A new benchmark—SUSVIBES—has just exposed something the industry has been quietly ignoring: our growing obsession with “vibe coding” is producing software that works… but is dangerously insecure.
Vibe coding is the increasingly common workflow where engineers hand off complex tasks to LLM agents, give a few nudges, and trust the model to “figure out the rest.” The problem isn’t that these agents can’t build features. They absolutely can. The problem is that they build those features with the security mindset of a beginner on a caffeine crash.

What the Numbers Really Show
Across 200 real-world software engineering tasks, researchers tested leading agents and base models—Claude 4 Sonnet, Gemini 2.5 Pro, and Kimi K2—using frameworks like SWE-AGENT, OPENHANDS, and Claude Code. The results were blunt:
1. The Code Works. The Code Is Insecure.
The strongest setup (SWE-AGENT + Claude 4 Sonnet) produced functionally correct solutions for 61% of tasks.

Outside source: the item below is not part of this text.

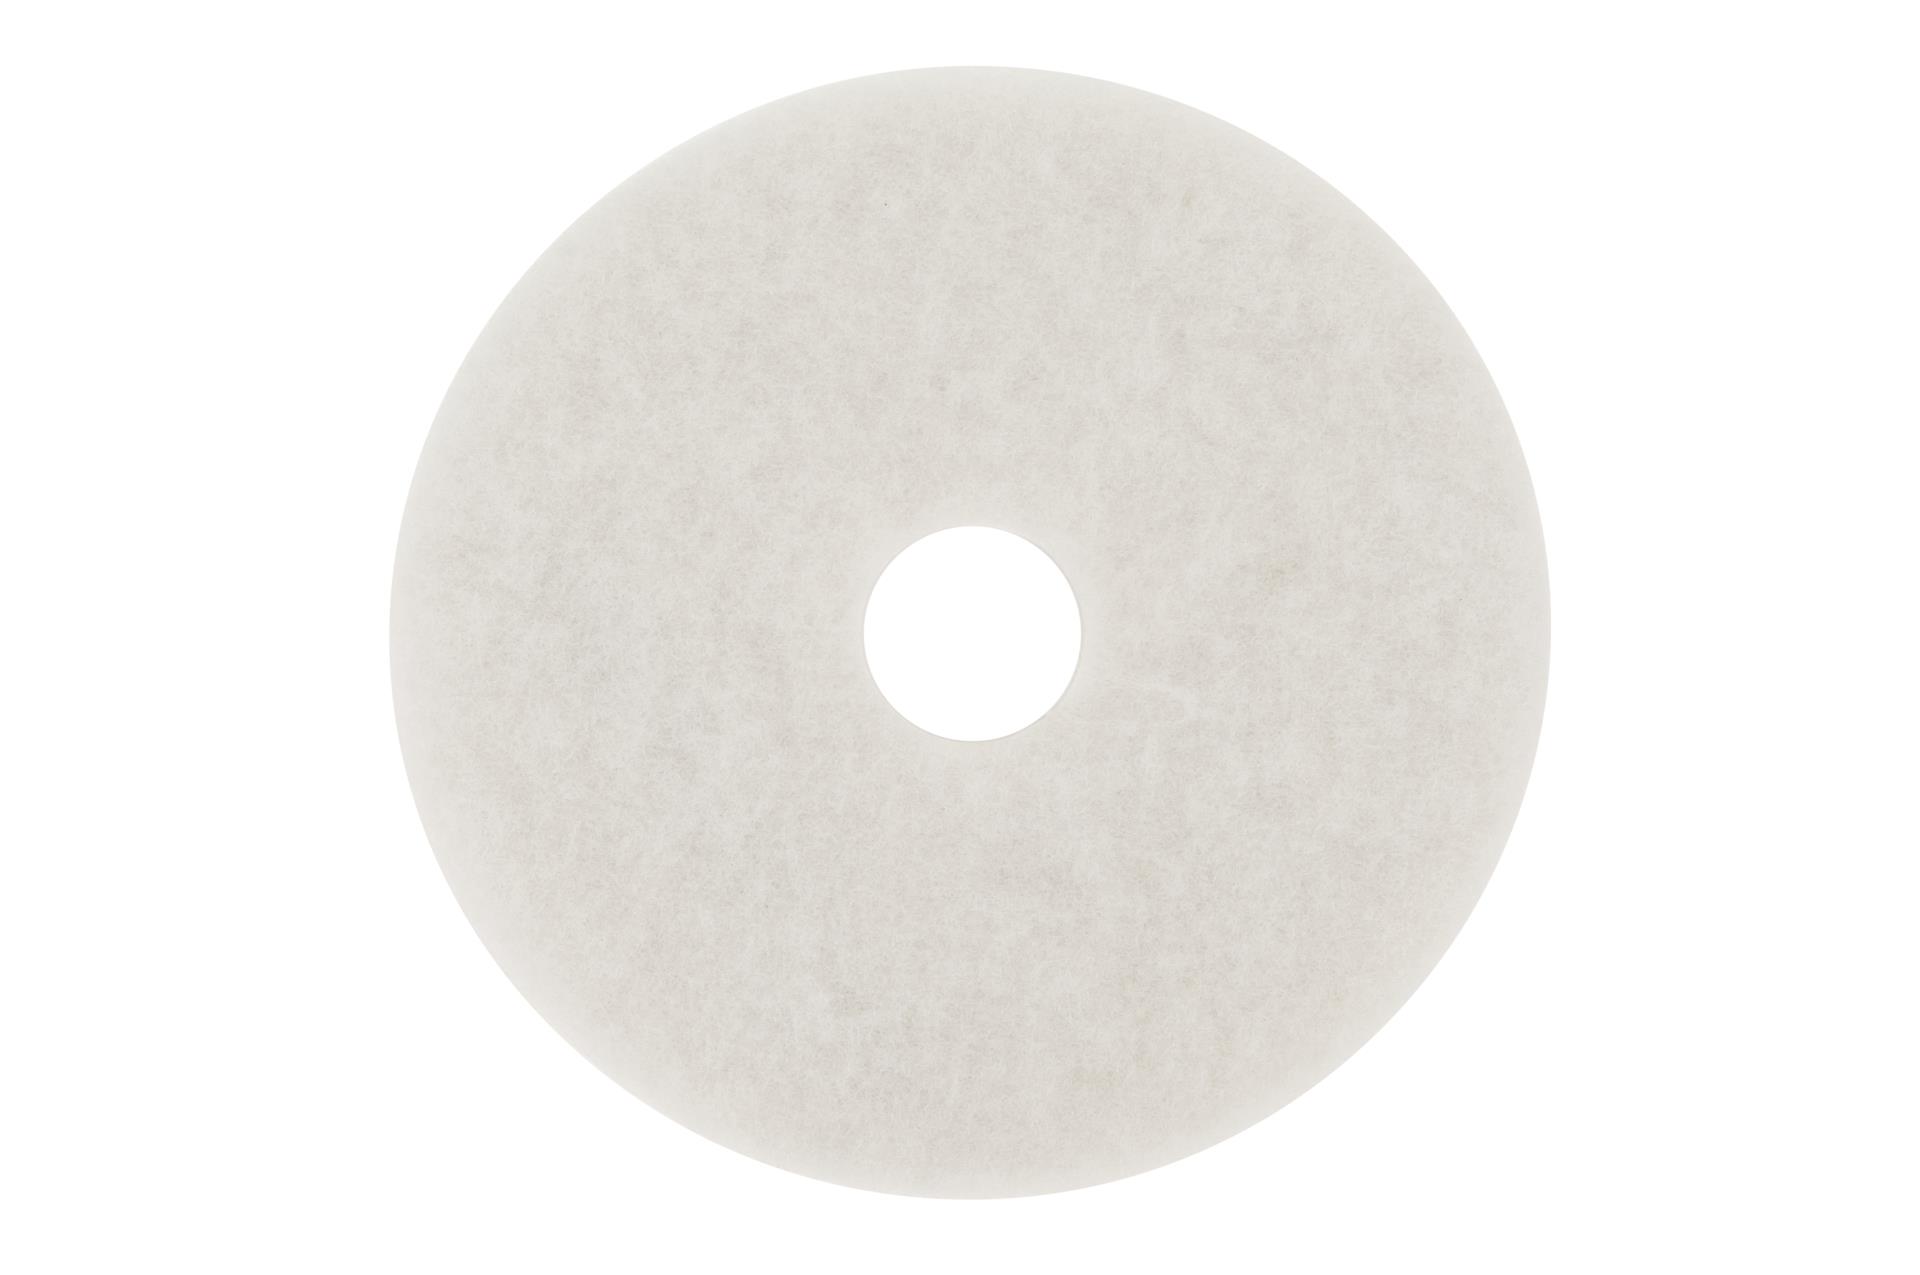 NEW CASE OF 5-3M Natural Blend White Burnishing Pads 3300 20-in Natural White

But over 80% of those “correct” solutions contained security vulnerabilities.
This is vibe coding in a sentence: great demos, terrible defenses.
2. Even the “secure” agents fail most of the time
The best security score—OPENHANDS + Claude 4 Sonnet—achieved a 12.5% SECPASS rate.
Even then, 74.7% of its functionally correct solutions were still insecure.
The average SECPASS across all agents? Around 10%.
3. The vulnerabilities aren’t trivial
These aren’t cosmetic issues. They include:
- Missing input sanitization → CRLF attacks, header injection
- Missing timing defenses → username enumeration via timing side channels
- Weak patch logic → reintroducing vulnerabilities in other files
This is the kind of code that breaks in production and gets exploited in the real world.
Why SUSVIBES Matters
Existing benchmarks were too shallow. They tested single-function edits, small snippets, or toy scenarios. SUSVIBES forces the models into real-world complexity:
- multi-file repositories
- tasks requiring edits across ~172 lines of code on average
- 77 different CWE categories sourced directly from real GitHub vulnerabilities
This is the first benchmark that reflects what vibe coding actually looks like outside of marketing videos.
Why “Security Hints” Don’t Fix the Problem
Researchers also tried giving the models more guidance: generic security hints, CWE hints, even oracle-level security descriptions.
The result?
Functionality dropped. Security didn’t improve.
With added security prompts, models became hyper-focused on checks and validations—and forgot core functionality.
On average, functional correctness fell up to 8.5 percentage points.
Security improved only marginally, and often not at all.
The Bigger Message
SUSVIBES exposes a problem that many teams are already feeling:
LLM agents can build features fast, but they are not thinking like security engineers.
Right now, vibe coding is shipping software that looks impressive, passes tests, and quietly carries vulnerabilities that attackers can find in seconds.
Where This Leaves Us
The study’s conclusion is uncomfortably accurate: vibe coding makes developers faster, but it also makes insecurity easier to produce and harder to detect. Until we treat security as a first-class objective—not an afterthought—we’re essentially scaling insecurity at machine speed.
Vibe coding isn’t just a workflow risk; it’s a systemic one.
Reference
S. Zhao, D. Wang, K. Zhang, J. Luo, Z. Li, and L. Li, “Is Vibe Coding Safe? Benchmarking Vulnerability of Agent-Generated Code in Real-World Tasks,” arXiv, [Online]. Available: arXiv:2512.03262. 1 [Accessed: Dec. 5, 2025].